Onsemi’s emphasis on high‑performance power devices reflects a strategic alignment between design innovation and manufacturing capability. By leveraging mature 300‑mm SiC processes, the company can deliver devices that meet aggressive performance targets while maintaining reasonable cost and yield. This balance is essential for sustaining profitability in a market that rewards technical differentiation without sacrificing volume.

Broader Implications for the Semiconductor Ecosystem

The convergence of automotive electrification, data‑center densification, and artificial‑intelligence workloads underscores the need for robust power‑semiconductor solutions.

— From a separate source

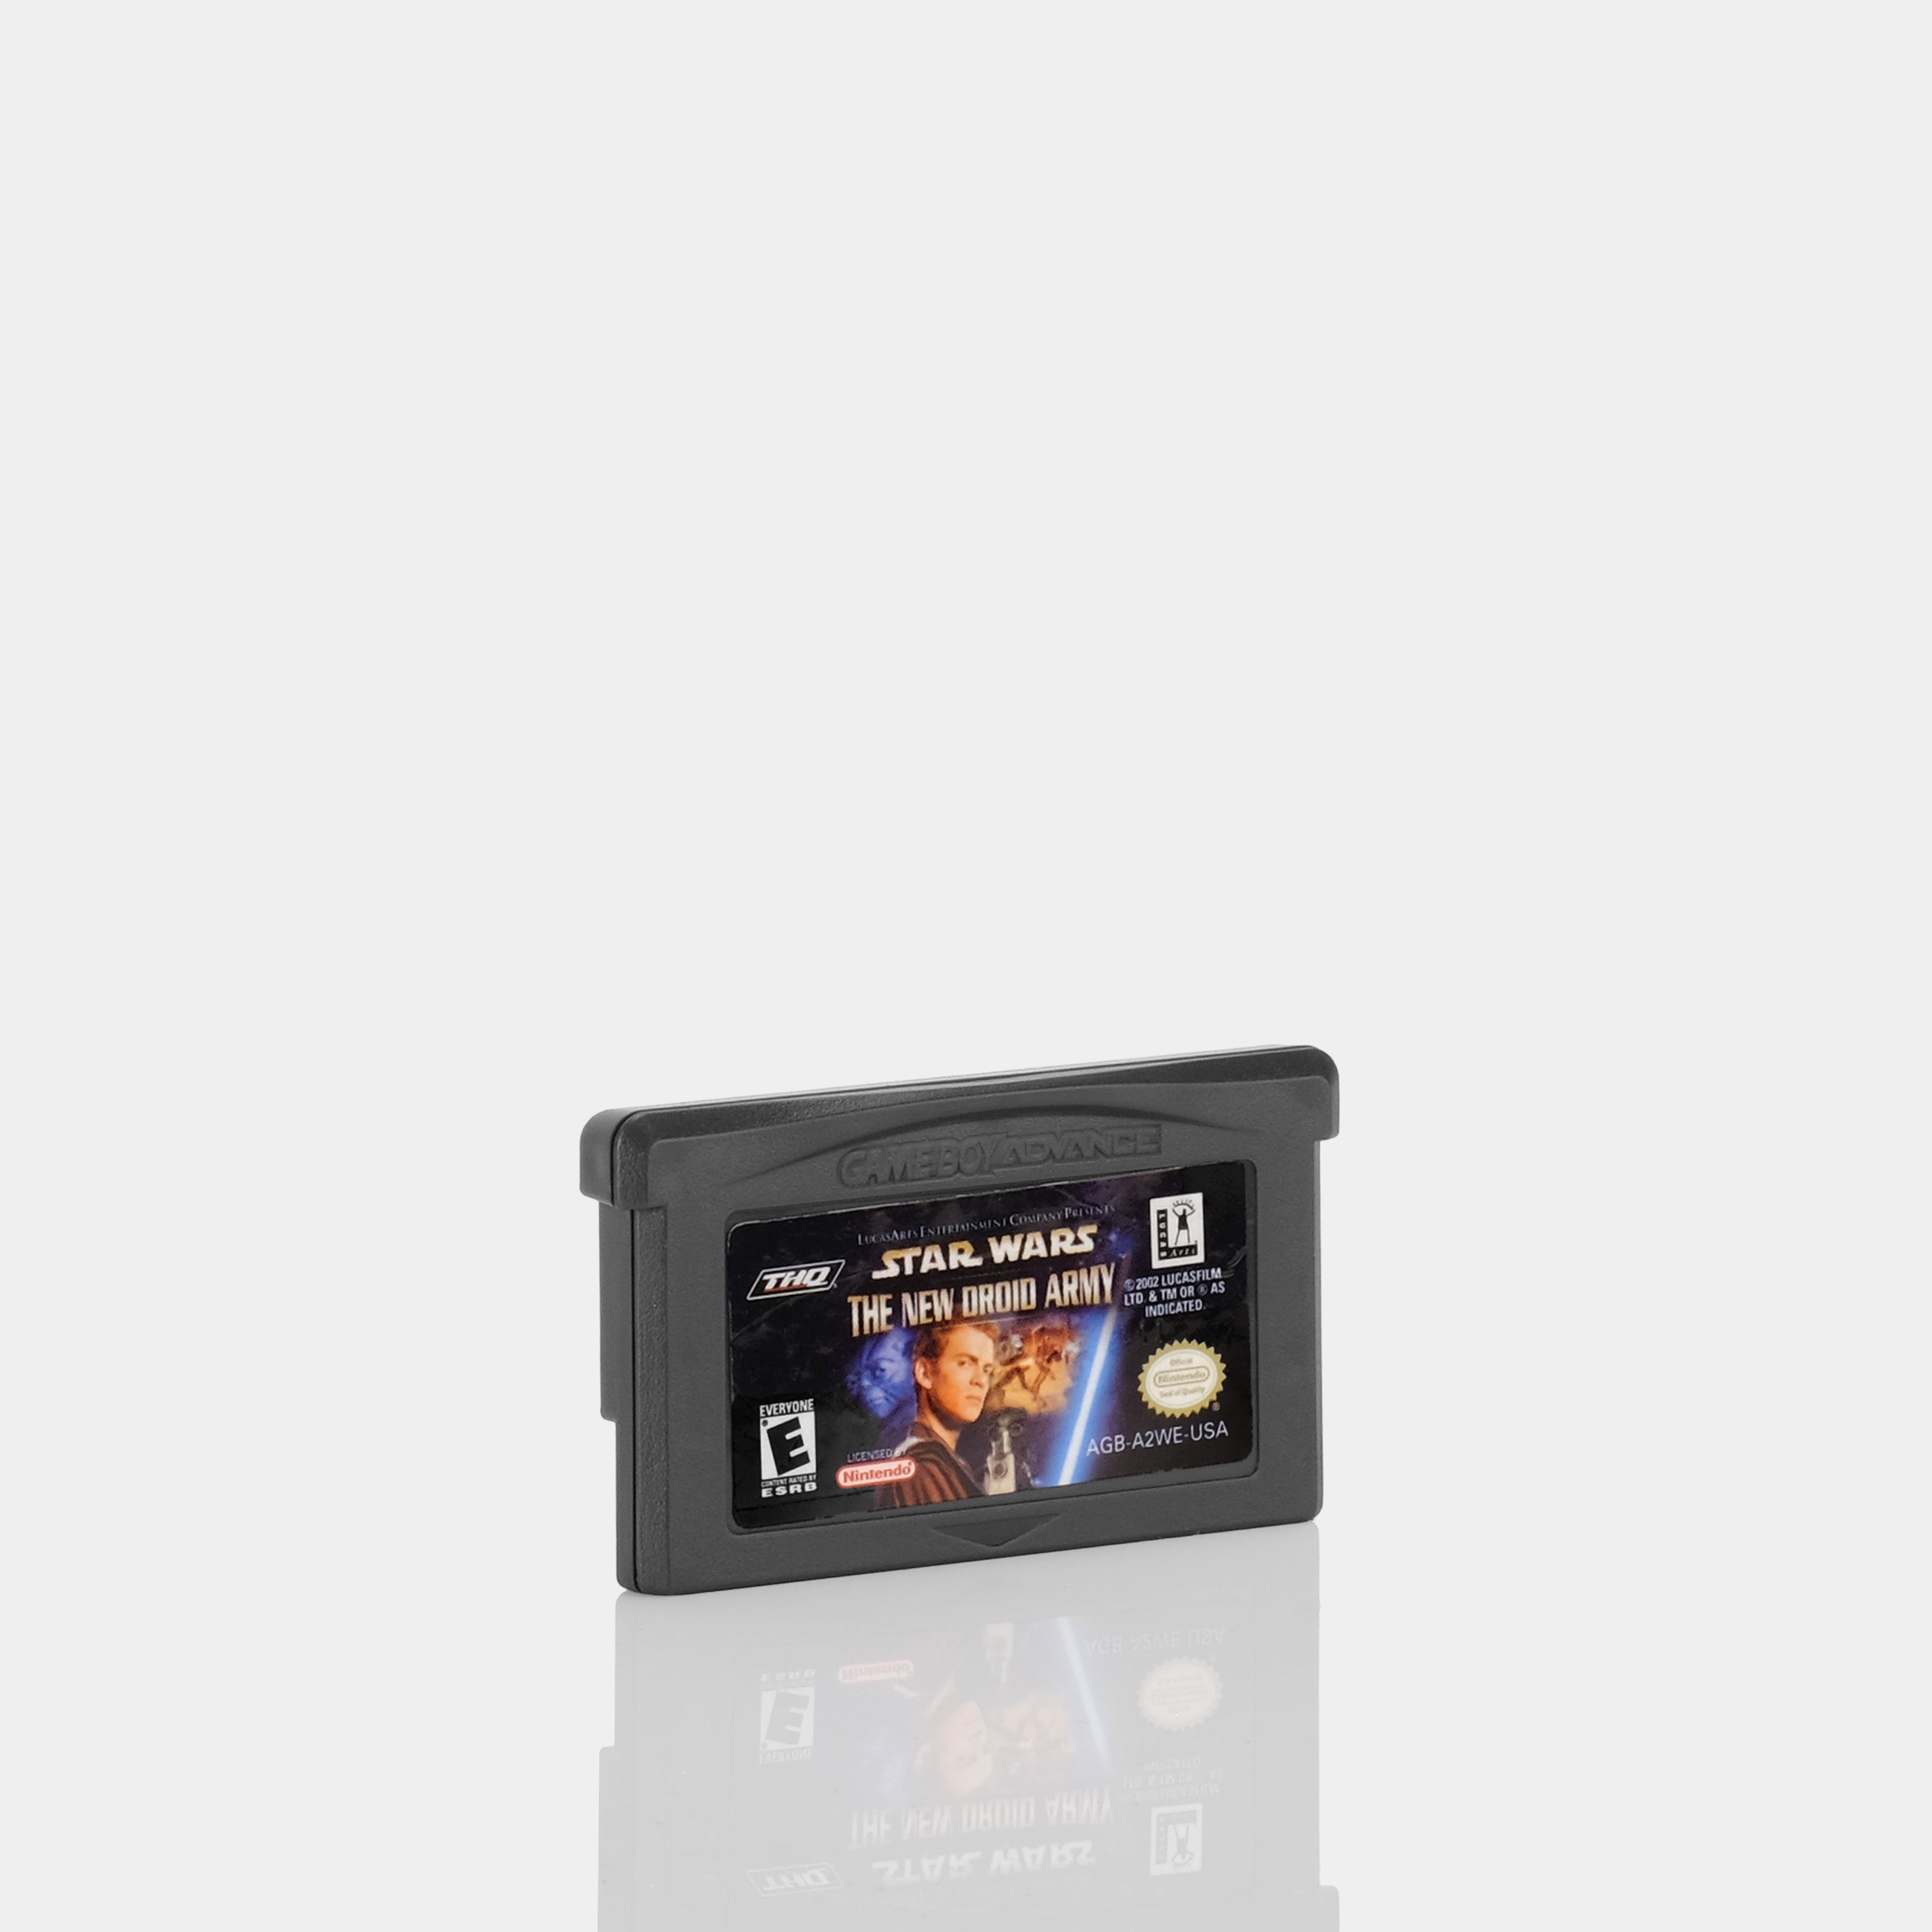 Star Wars Episode III: Revenge of the Sith Game Boy Advance Game
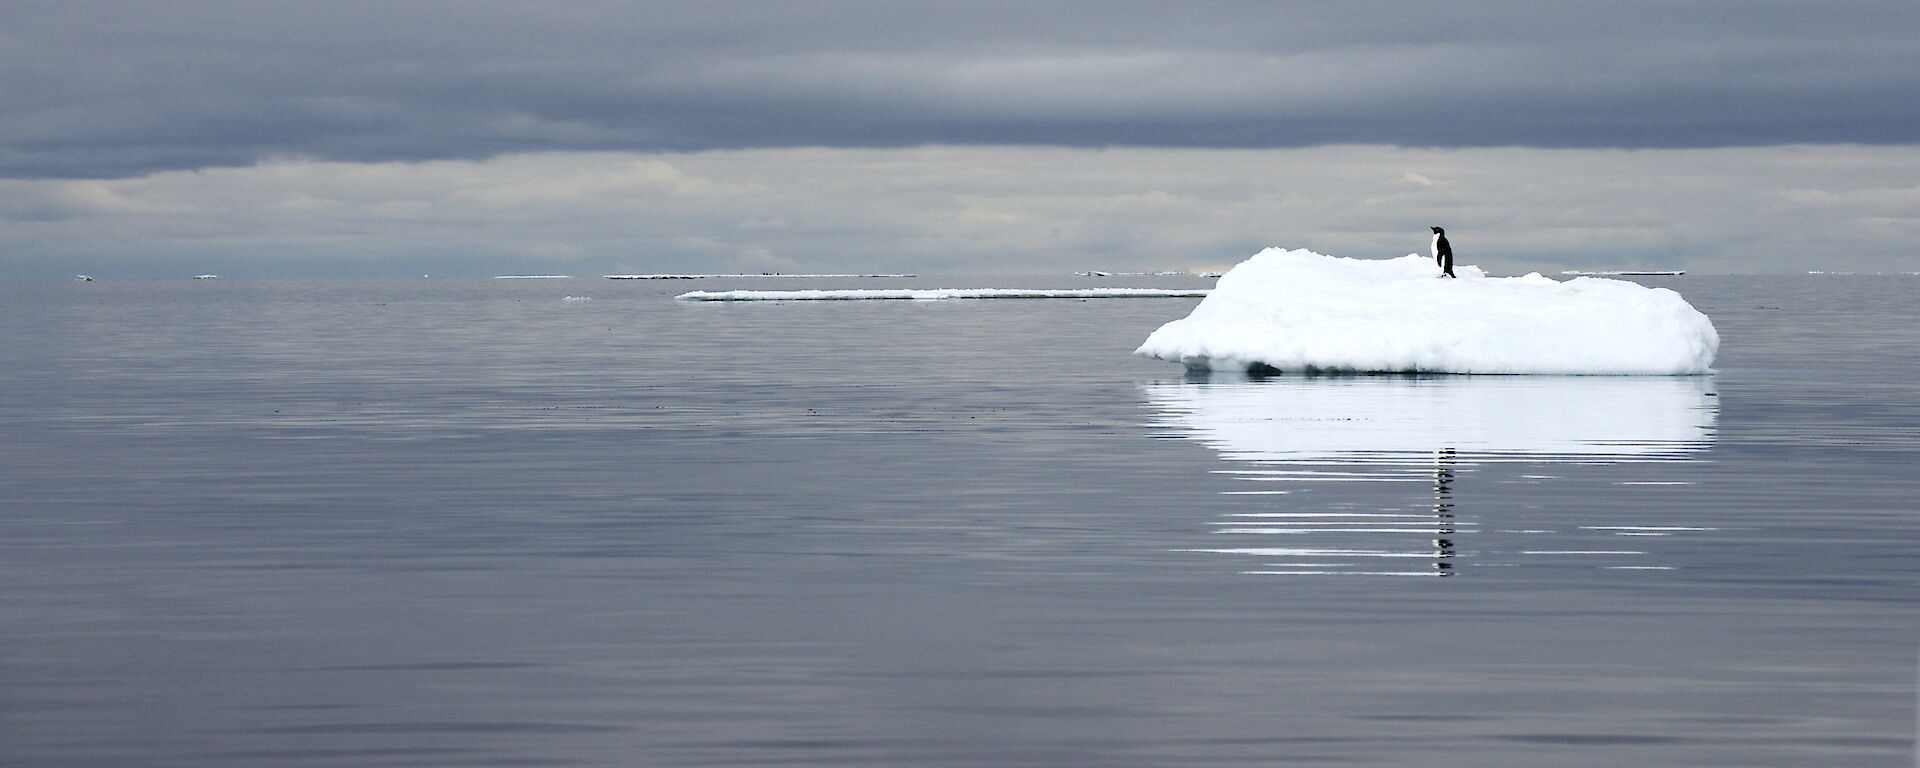 An Adelie penguin on a small iceberg, surrounded by water.

Onsemi’s positive outlook amid a broader industry re‑evaluation highlights several broader trends:

  1. Resilient Supply Chains – The shift toward diversified manufacturing hubs and the adoption of local production for critical components can mitigate geopolitical risks.
  2. Hybrid Process Nodes – The coexistence of advanced logic nodes and mature power‑device nodes illustrates a differentiated approach to process technology that balances performance and yield.
  3. Capital Efficiency – Firms that can optimize capital equipment cycles while achieving high yield are positioned to capture market share in both automotive and data‑center segments.
  4. Design‑Manufacturing Co‑Evolution – As design complexity escalates, manufacturers must continue to enhance their process capabilities and provide design‑enablement tools that enable rapid innovation cycles.

Onsemi’s reported revenue beat and improved earnings outlook, combined with its focus on SiC power devices and AI data‑center growth, suggest that the company is well‑positioned to capitalize on these industry dynamics. Continued attention to yield optimization, capital investment timing, and the interplay between design complexity and manufacturing capabilities will remain critical for sustaining its competitive advantage in the semiconductor landscape.